--- DATASET EXTRACT ---
- - - - - - -
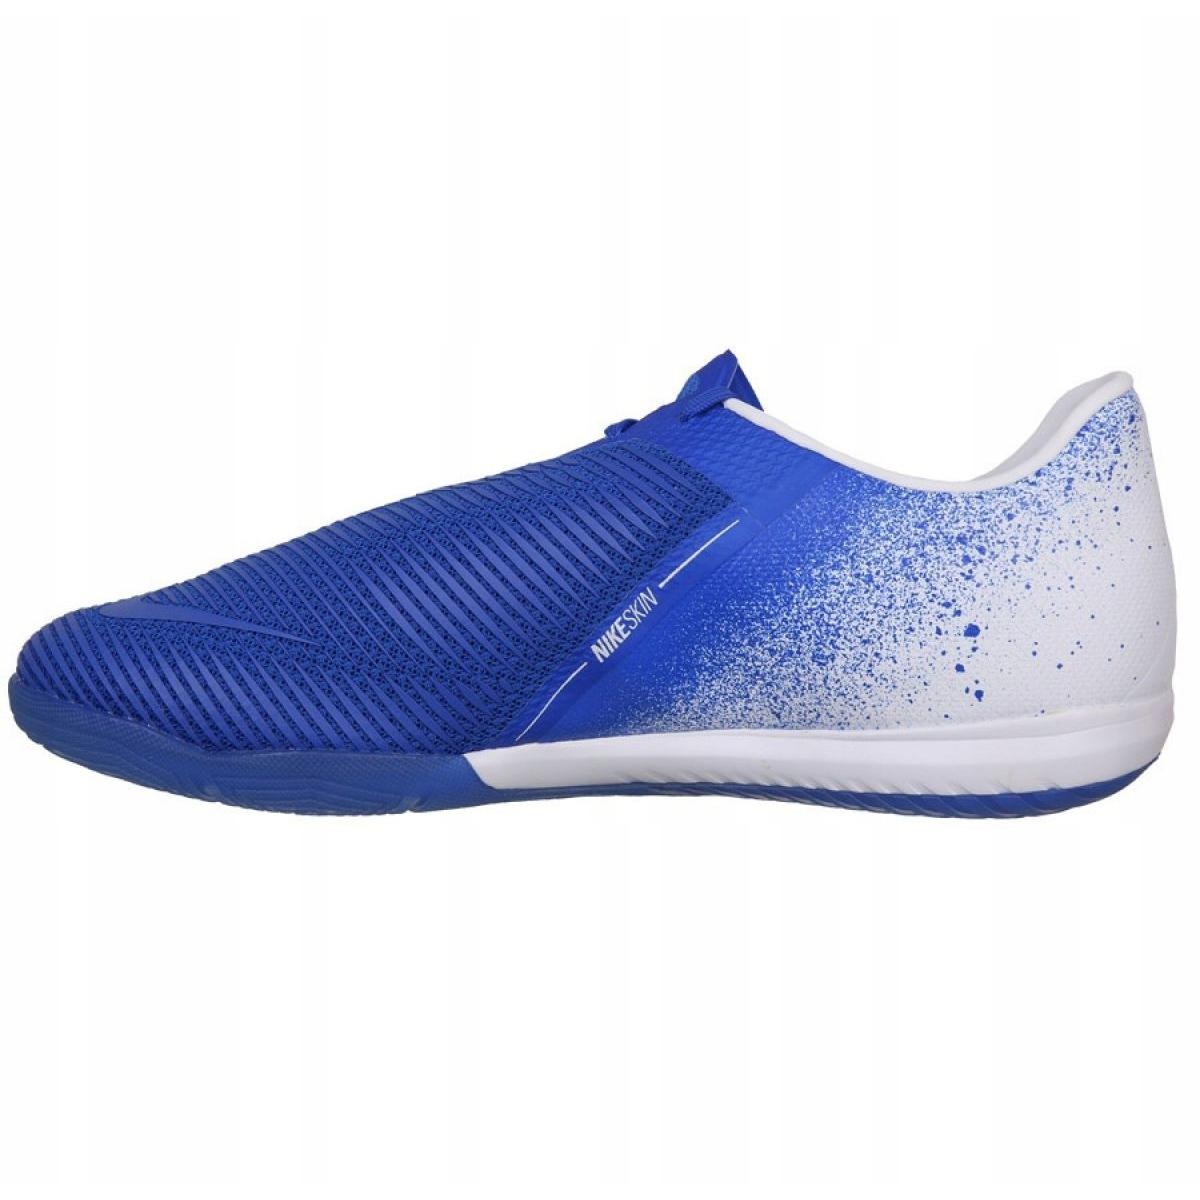 Buty halowe Nike Zoom Phantom Venom Pro Ic M BQ7496 104 biały, niebieski niebieskie
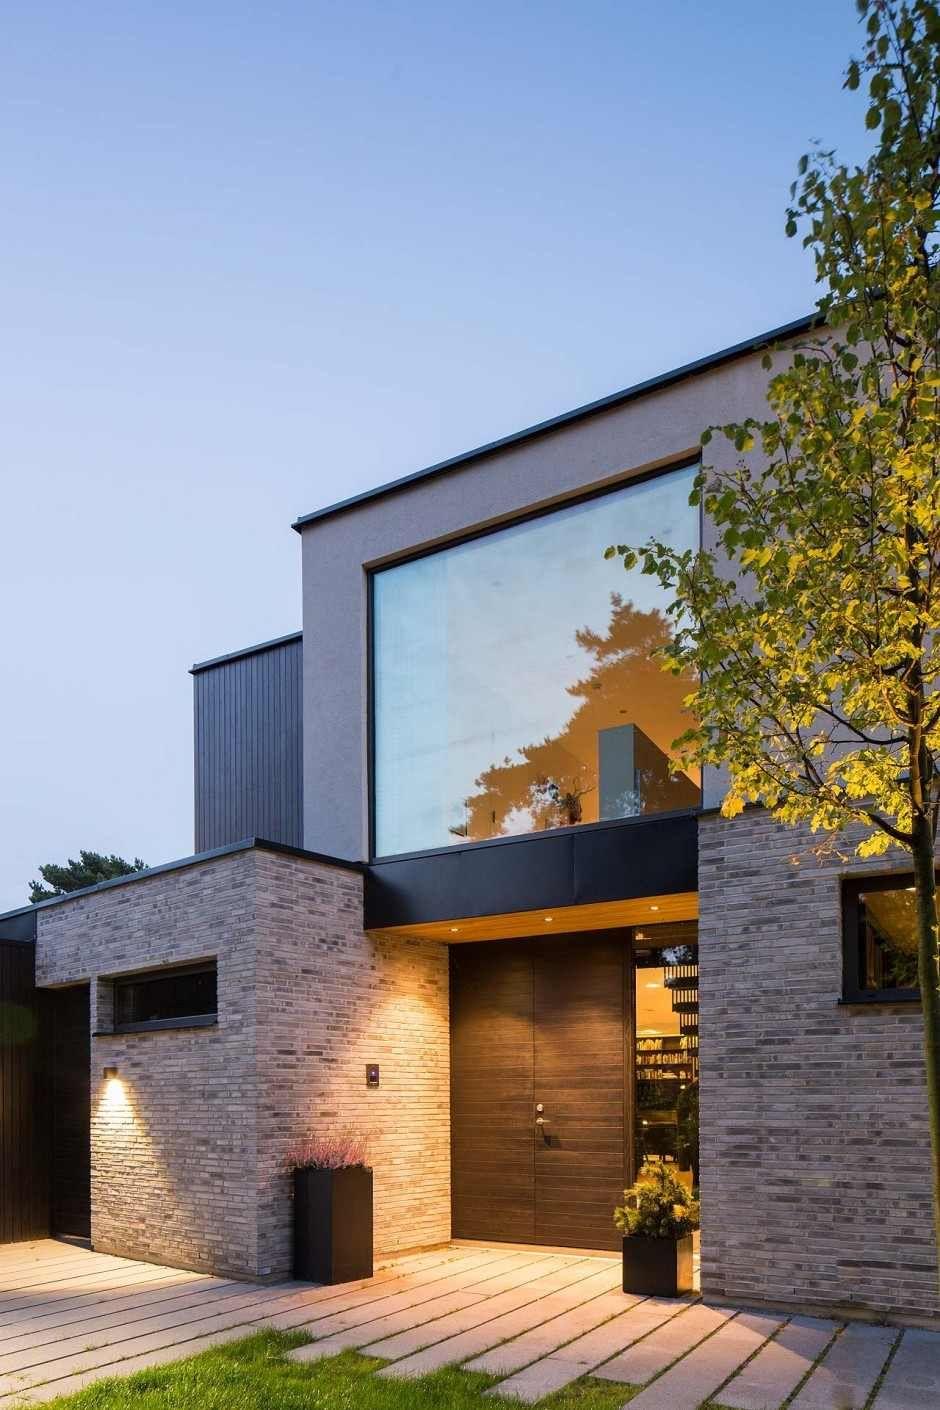 Haus außentor design pin by kim pütter on architektur  pinterest  villas modern and
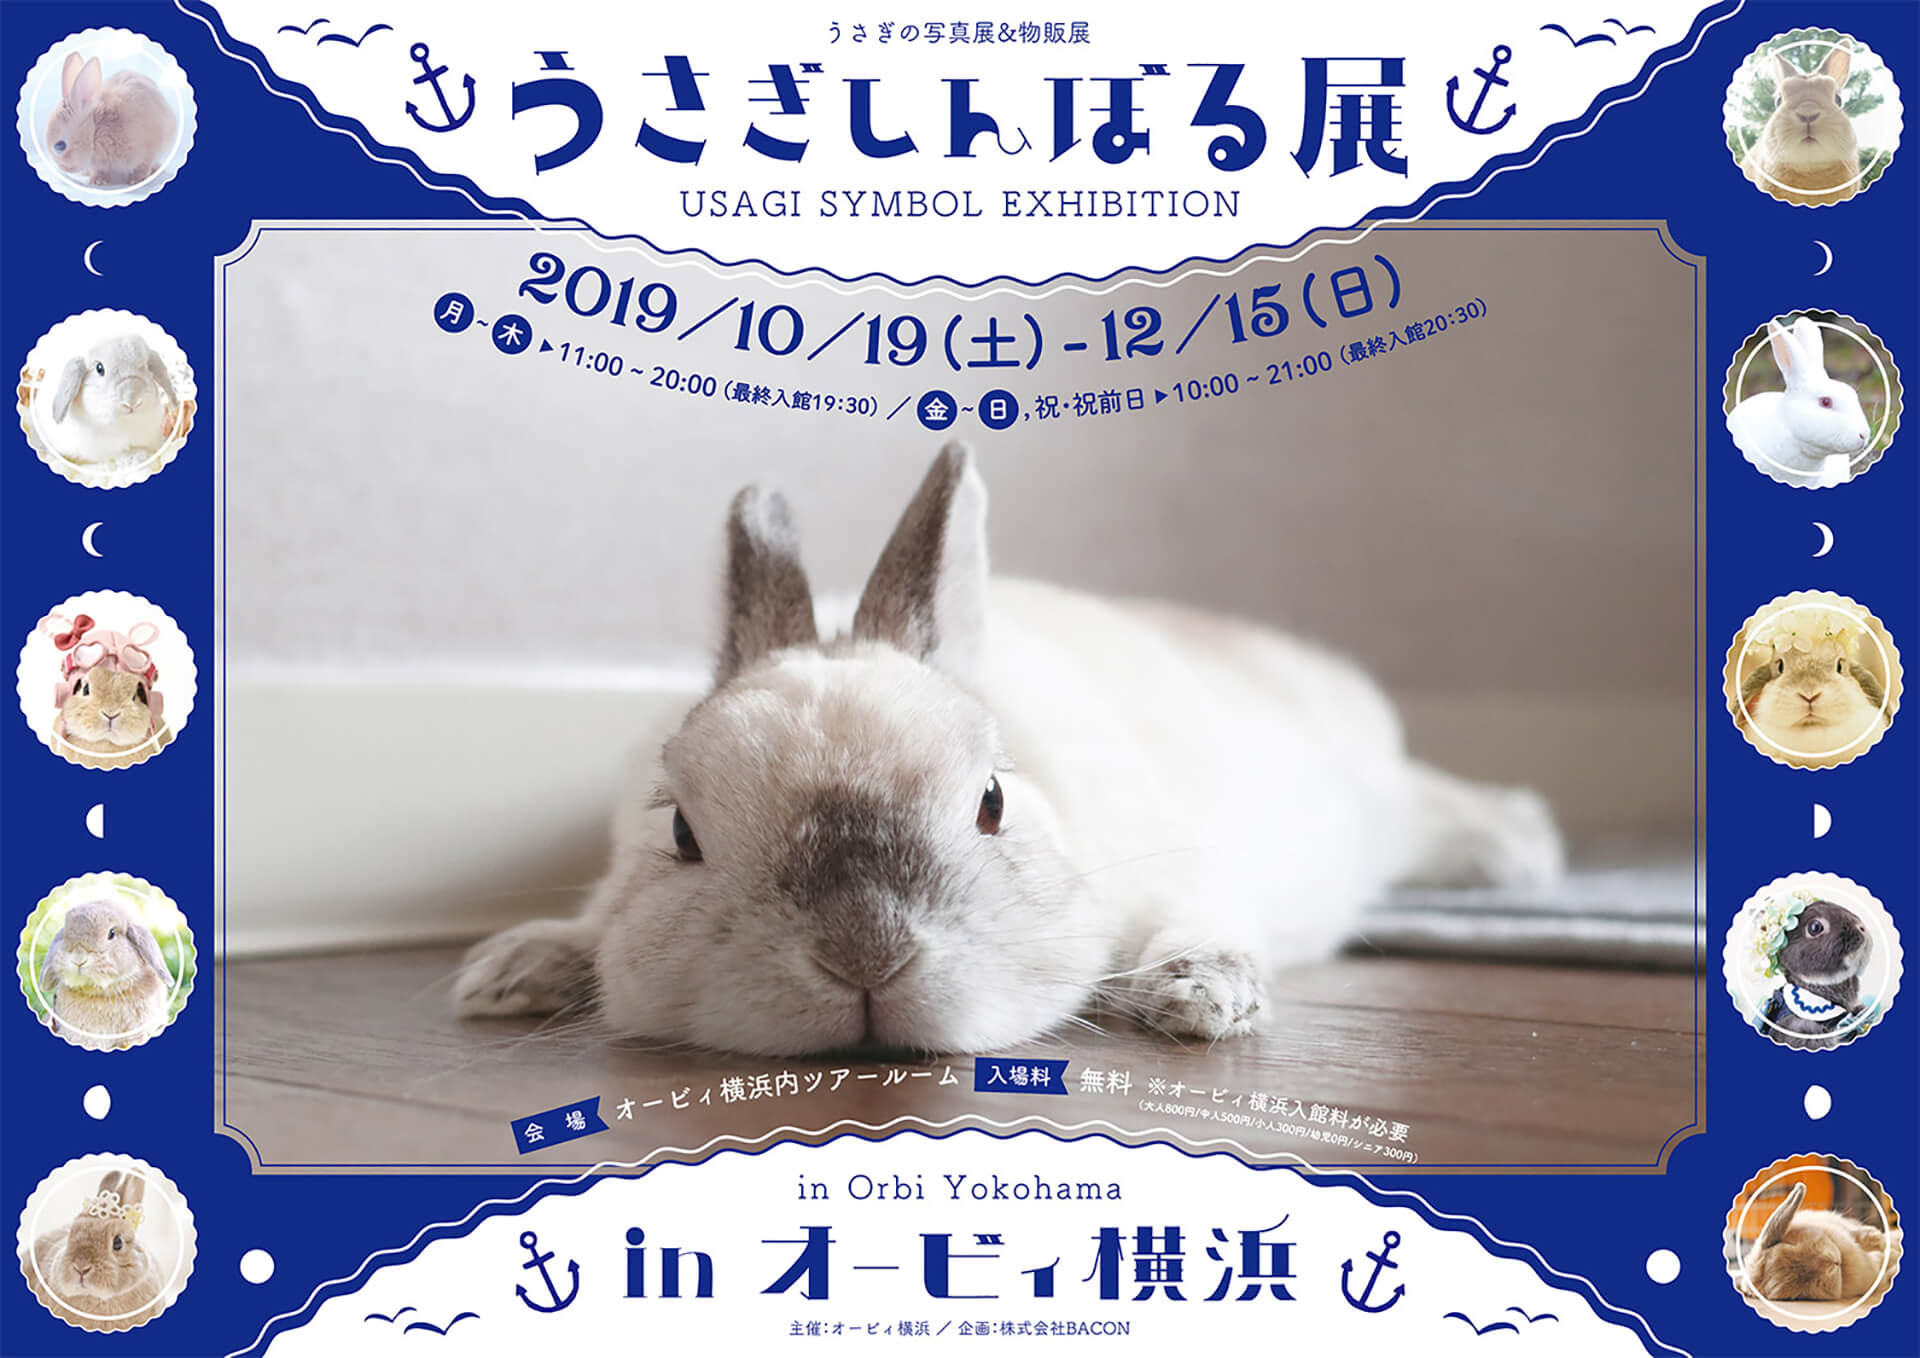 うさぎしんぼる展 in オービィ横浜バナー
- - - - - - -
--- TASK DIRECTIONS ---
Keep the pictures out of your answer, which should be the lines from the one with "Haus außentor design" through the final line of the data, copied exactly.

--- ANSWER BELOW ---
 Haus außentor design pin by kim pütter on architektur  pinterest  villas modern and
 うさぎしんぼる展 in オービィ横浜バナー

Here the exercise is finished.